The paper “A Framework for Optimal Placement of Rooftop PV: Maximizing Solar Production and Operational Cost Savings in Residential Communities” demonstrates a model-based analysis approach for optimally placing rooftop PV systems for residential buildings and communities. The analysis framework accounts for the shading effects on the rooftop PV panels, the energy use profiles of buildings, and utility rate structures. The optimal placement of rootop PV systems is determined to maximize the PV power generation as well as to minimize energy costs for individual buildings and entire communities. The analysis framework is applied to optimally place rooftop PV panels in a residential community to be constructed in Fort Collins, CO. The analysis indicates that the community can save up to 23% in energy costs and shift the PV generation toward the afternoon utility peak hours when the PV arrays are optimally placed compared to the baseline case.

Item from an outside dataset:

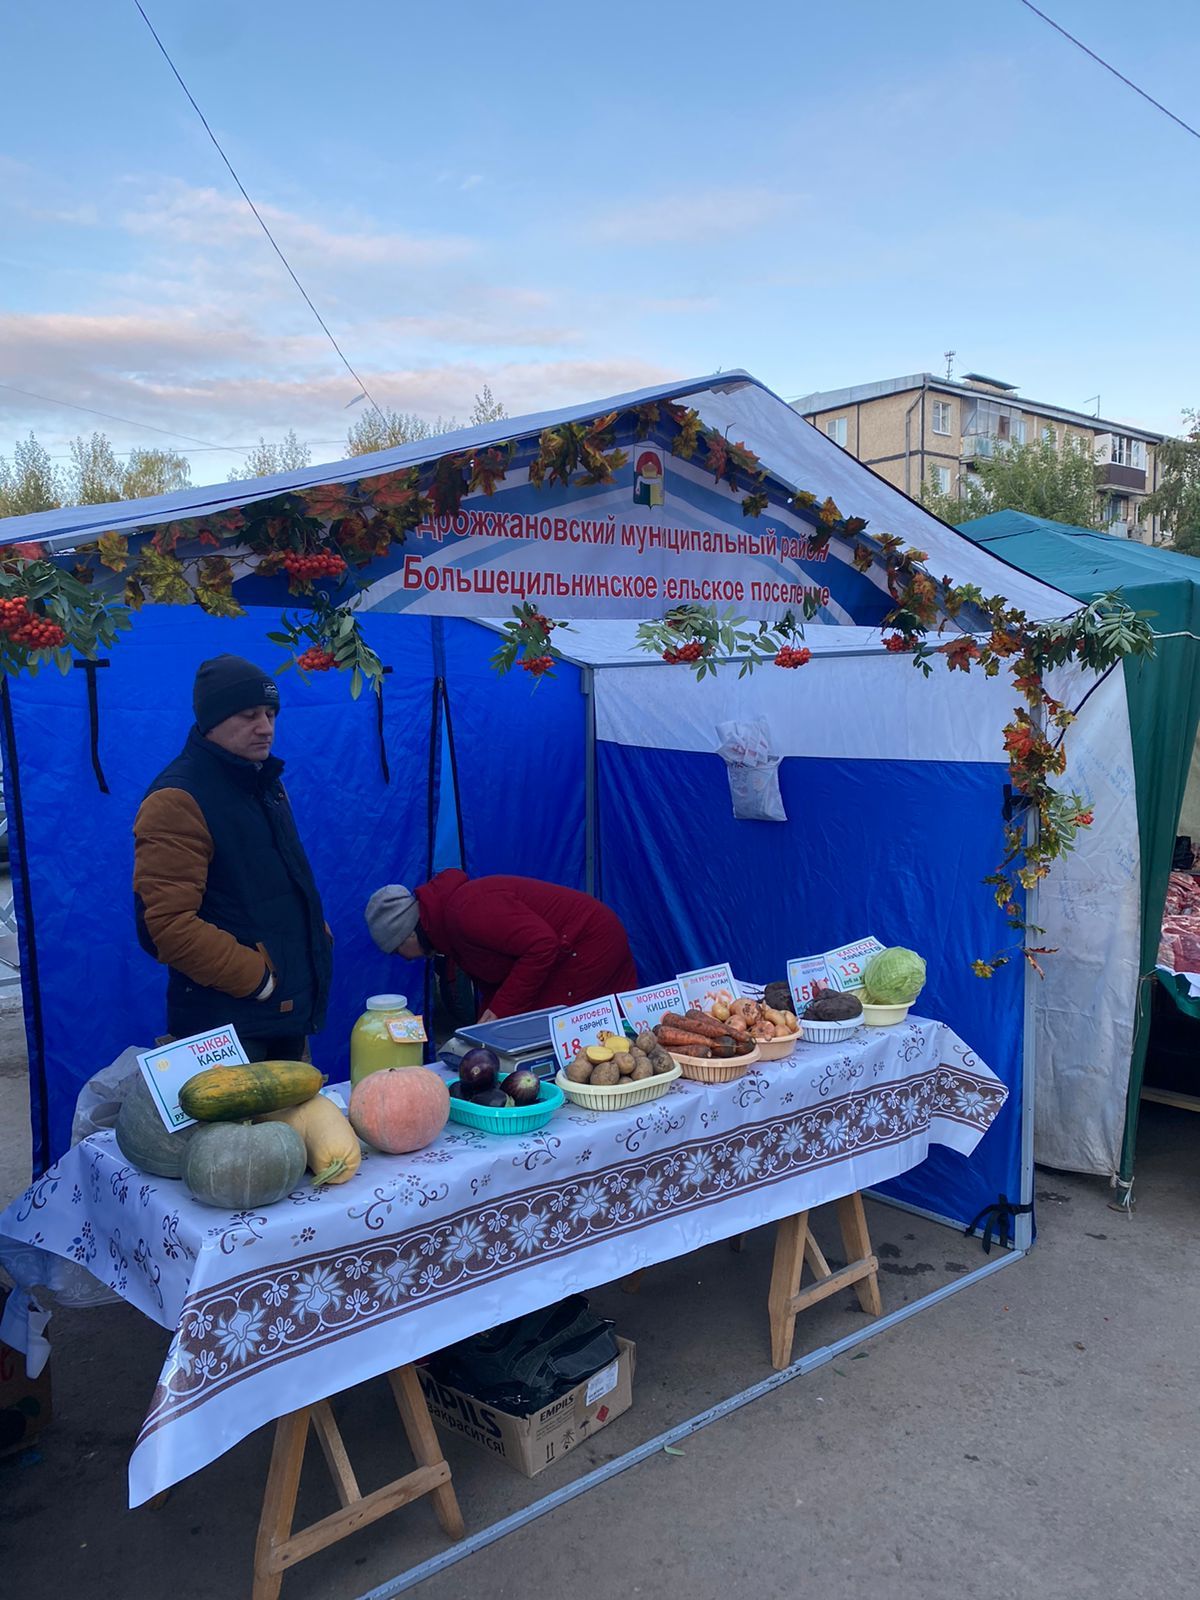 Дрожжановцы представляют свою сельхозпродукциию на ярмарке в Казани

We hope these papers will provide examples of technologies and approaches to make buildings energy efficient with integrated renewable power generation technologies, making them capable of effectively interacting with the grid to achieve the ultimate objective of minimizing overall energy consumption and lowering carbon emissions.
Editors for the GEB Special Issue.
Conflict of Interest
There are no conflicts of interest.
Data Availability Statement
The data sets generated and supporting the findings of this article are obtainable from the corresponding author upon reasonable request. The authors attest that all data for this study are included in the paper. Data provided by a third party are listed in Acknowledgement. No data, models, or code were generated or used for this paper.